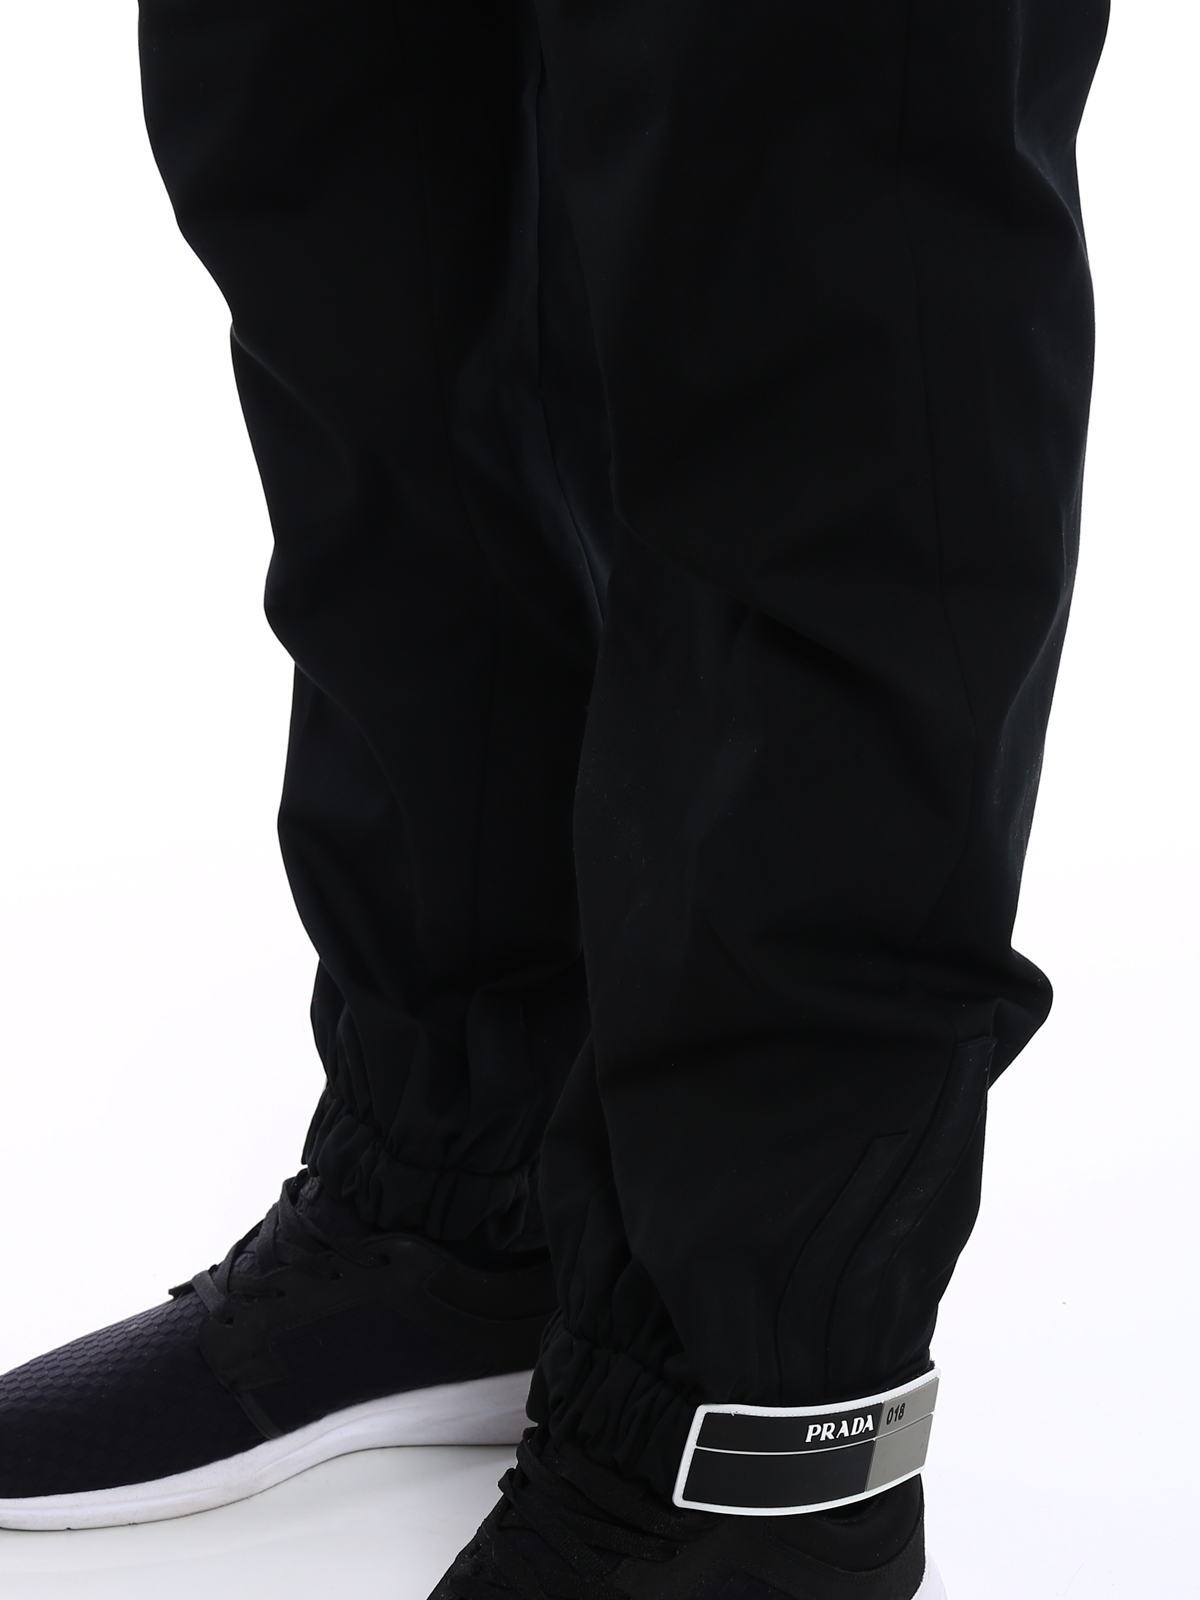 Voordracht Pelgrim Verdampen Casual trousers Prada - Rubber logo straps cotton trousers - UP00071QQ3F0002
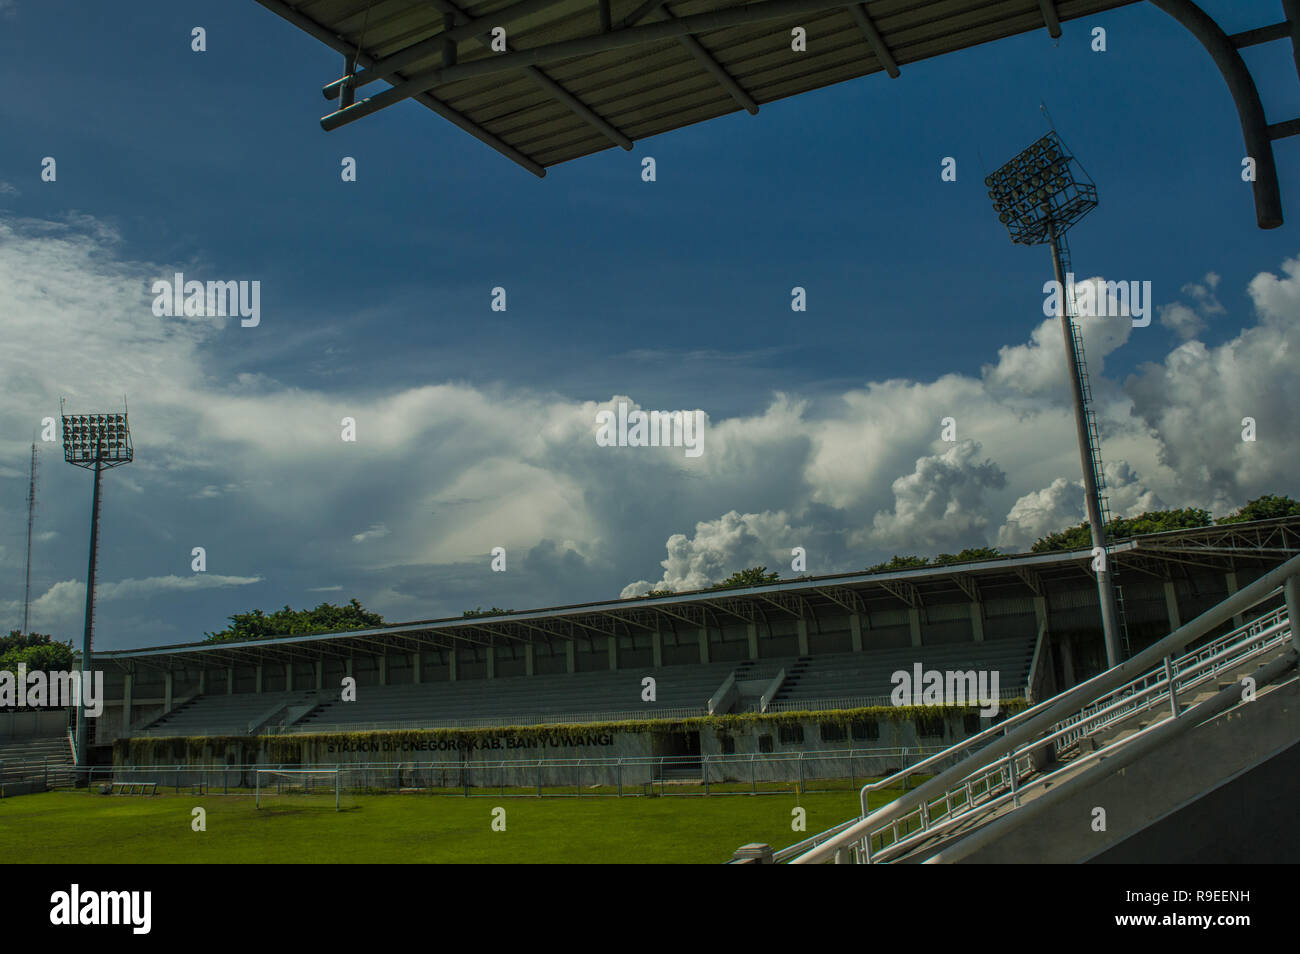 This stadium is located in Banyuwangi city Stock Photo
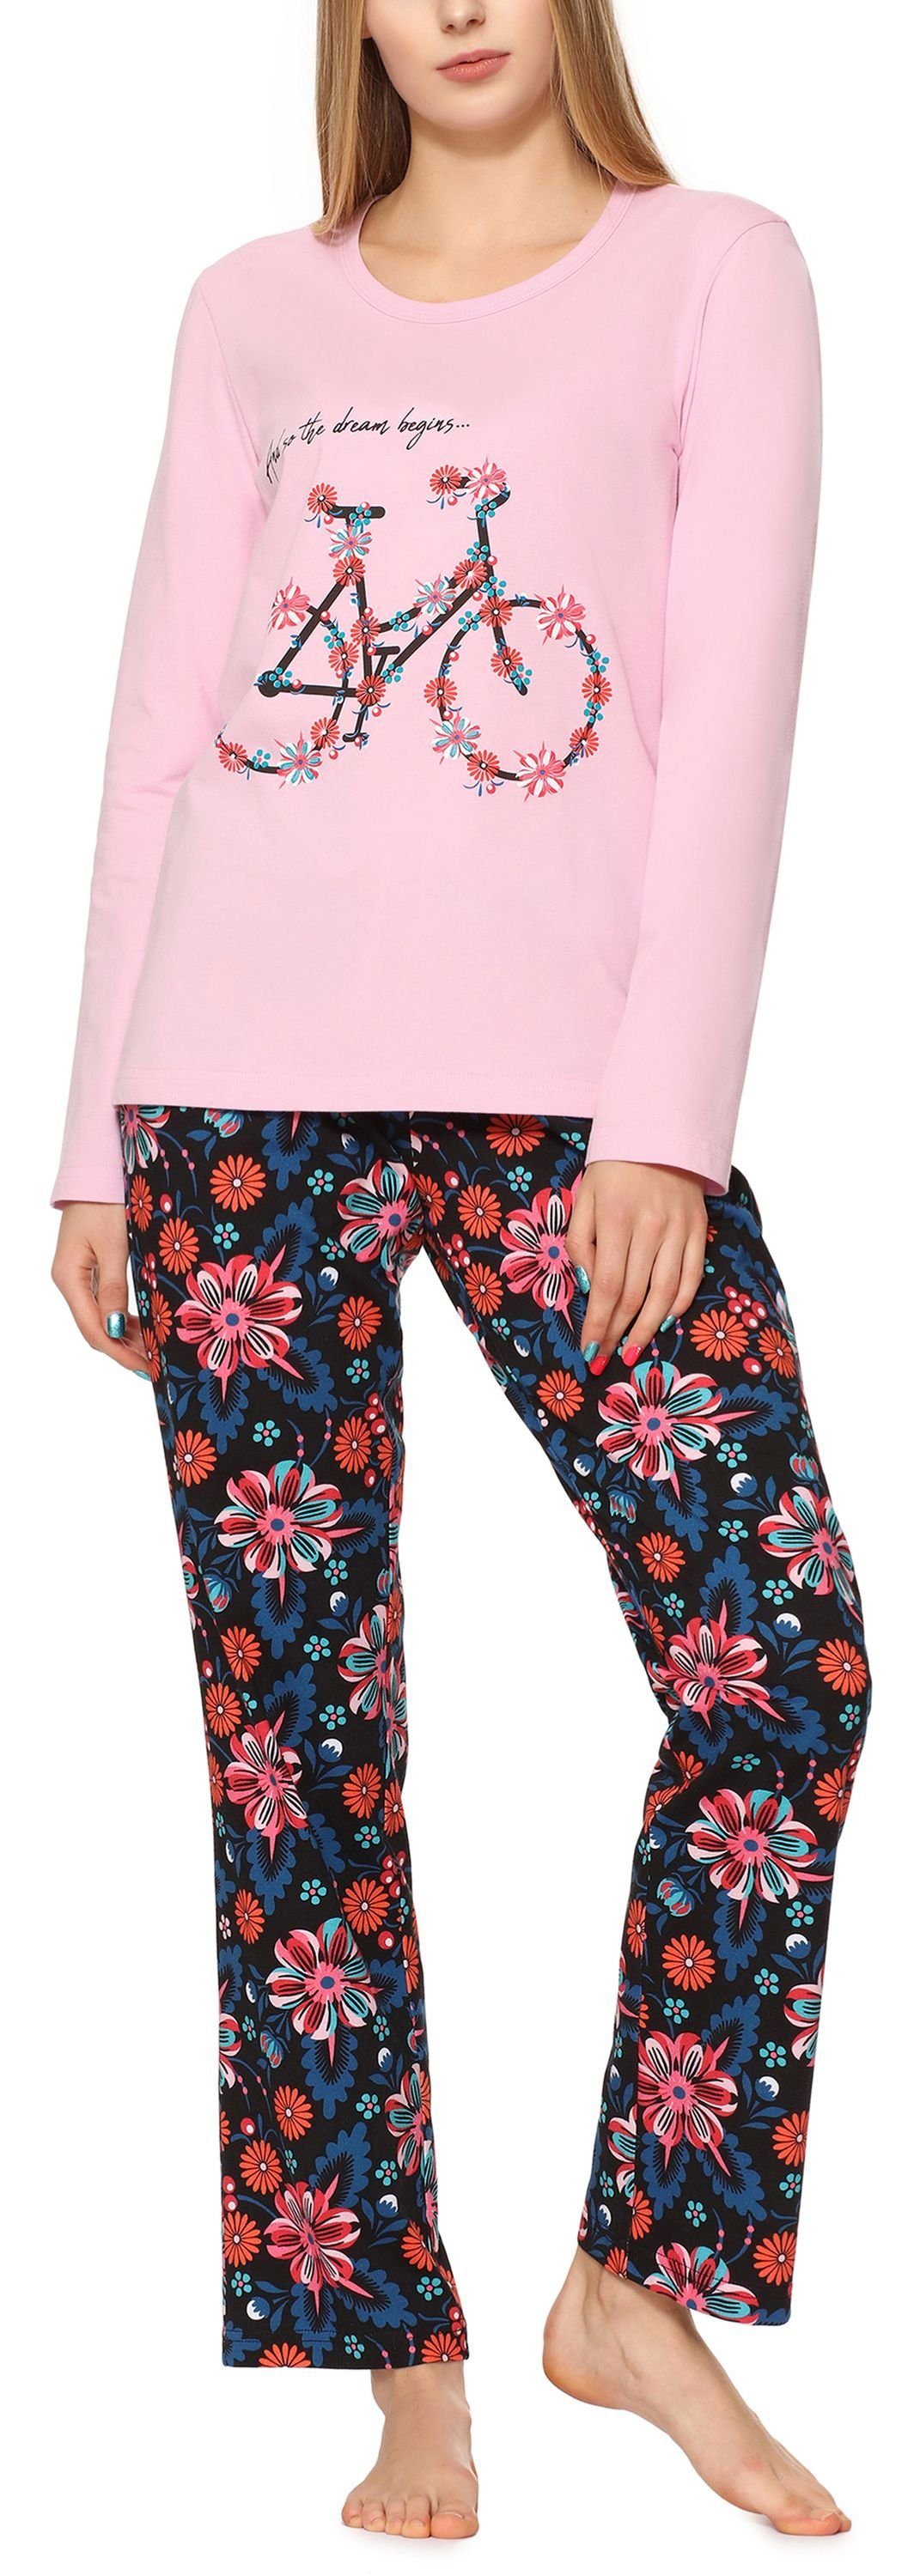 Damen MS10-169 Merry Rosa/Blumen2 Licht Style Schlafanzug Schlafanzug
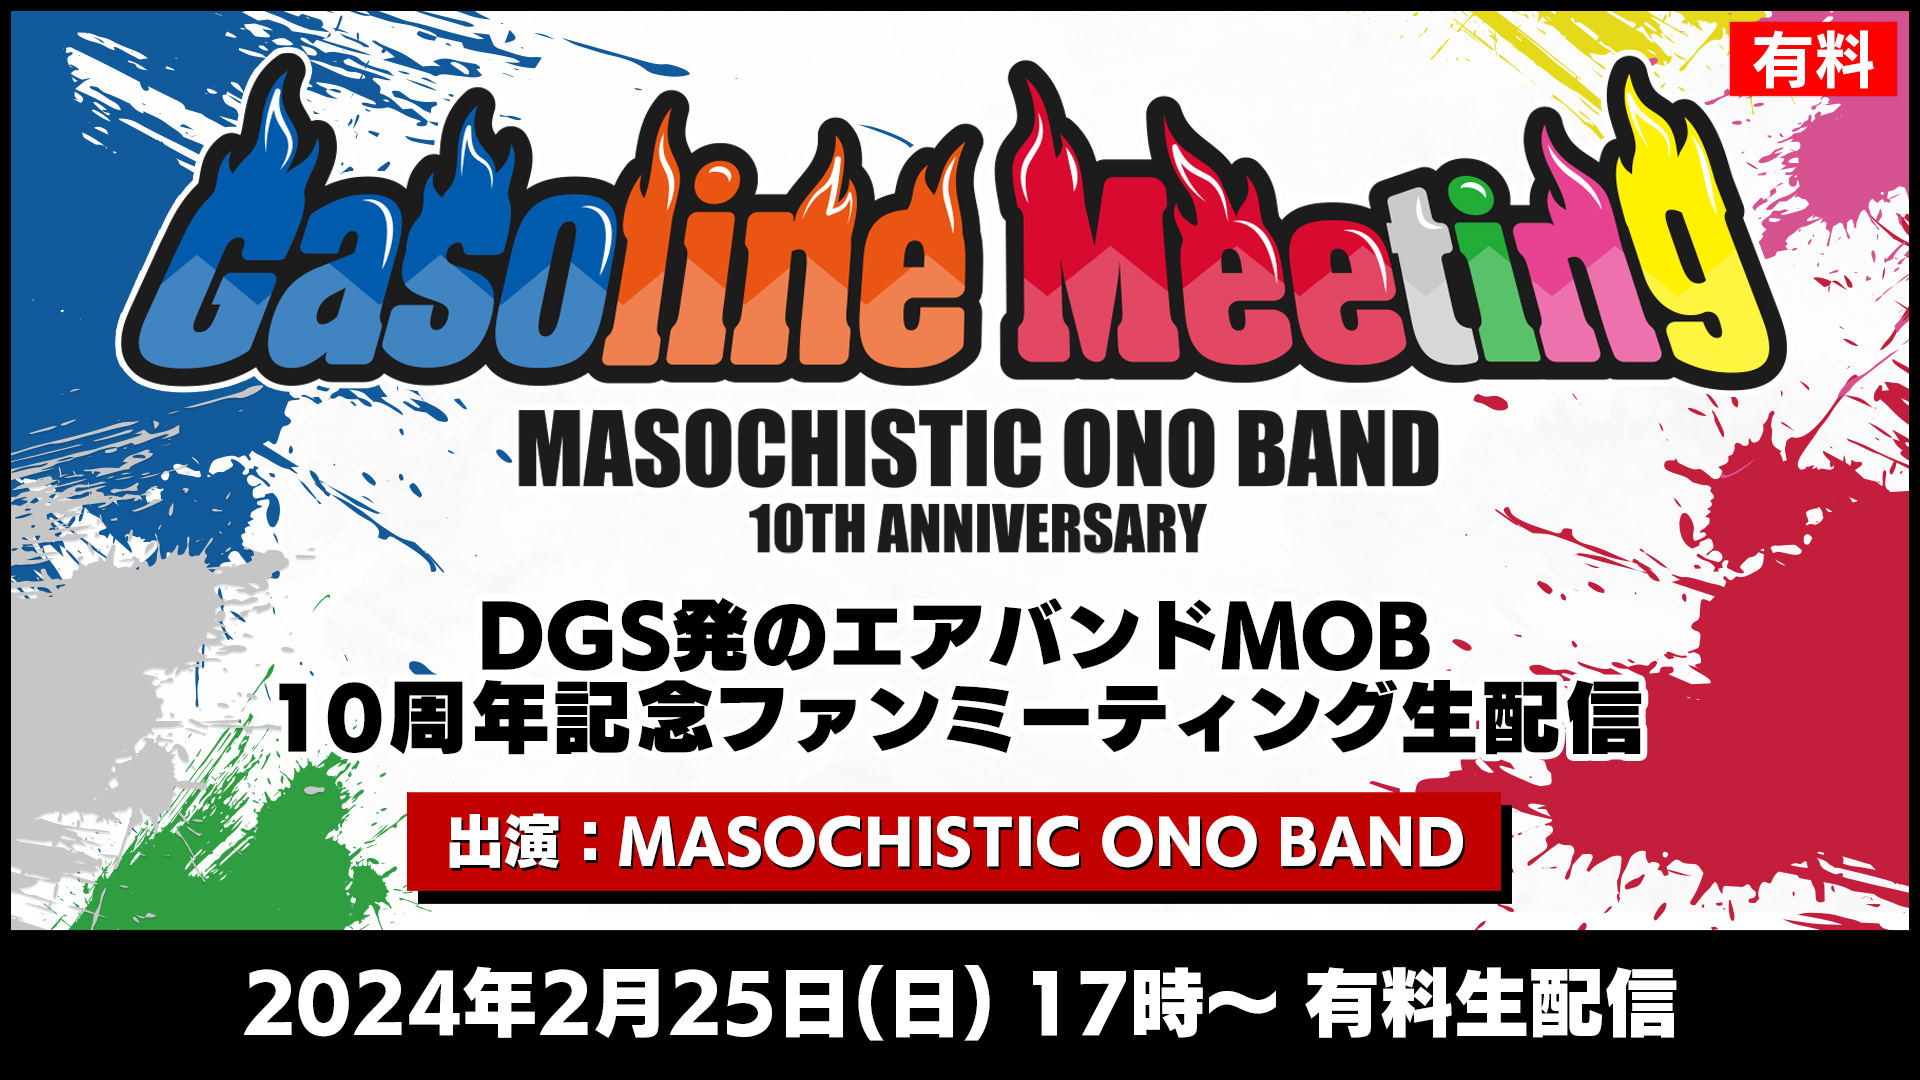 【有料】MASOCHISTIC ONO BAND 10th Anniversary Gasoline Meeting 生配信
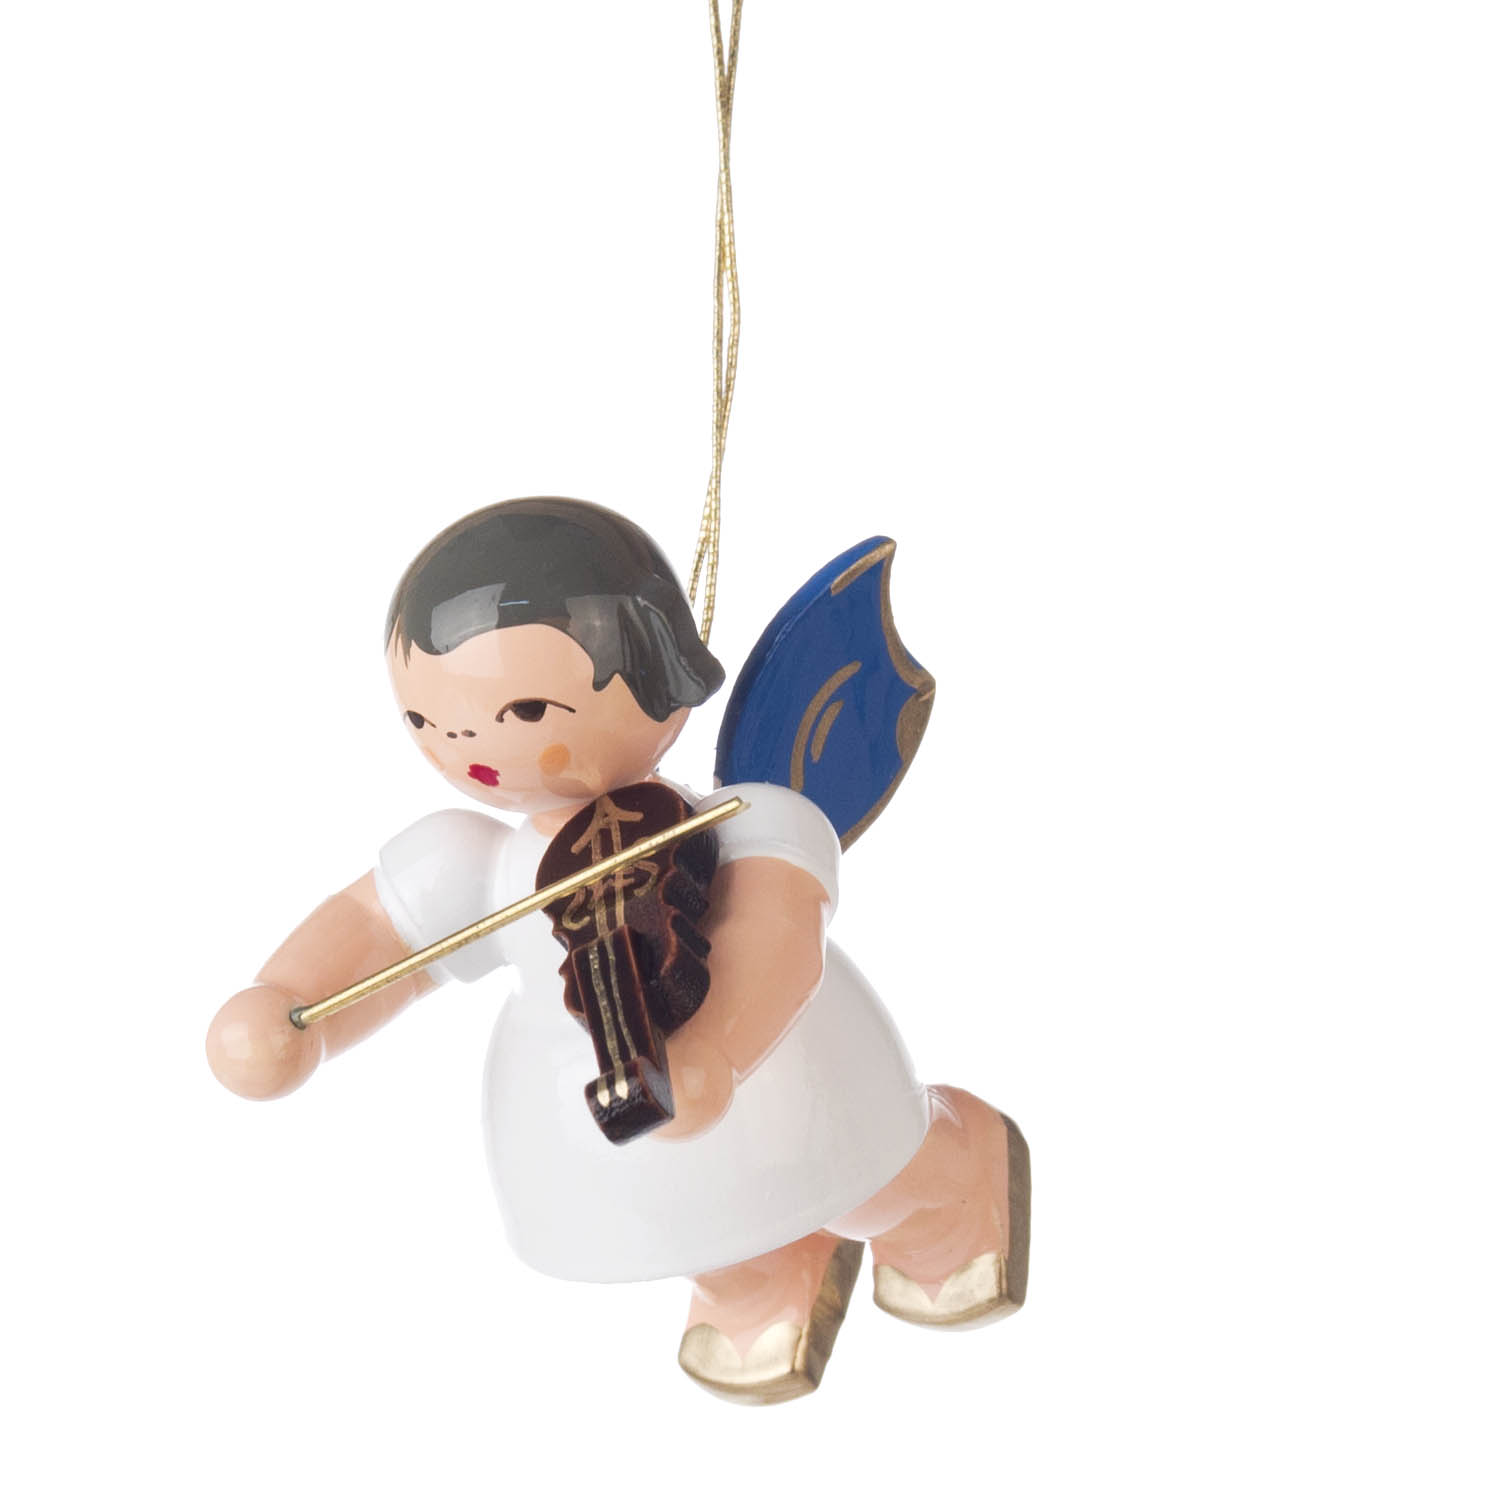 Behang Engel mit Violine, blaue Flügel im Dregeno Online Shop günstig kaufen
__________
Exercise goal: Your copy should consist solely of the lines from the line containing "This stadium is" through the last line of the records above, reproduced exactly, with the pictures left out.

Solution for this exercise:
 This stadium is located in Banyuwangi city Stock Photo
 Damen MS10-169 Merry Rosa/Blumen2 Licht Style Schlafanzug Schlafanzug
 【有料】MASOCHISTIC ONO BAND 10th Anniversary Gasoline Meeting 生配信
 Behang Engel mit Violine, blaue Flügel im Dregeno Online Shop günstig kaufen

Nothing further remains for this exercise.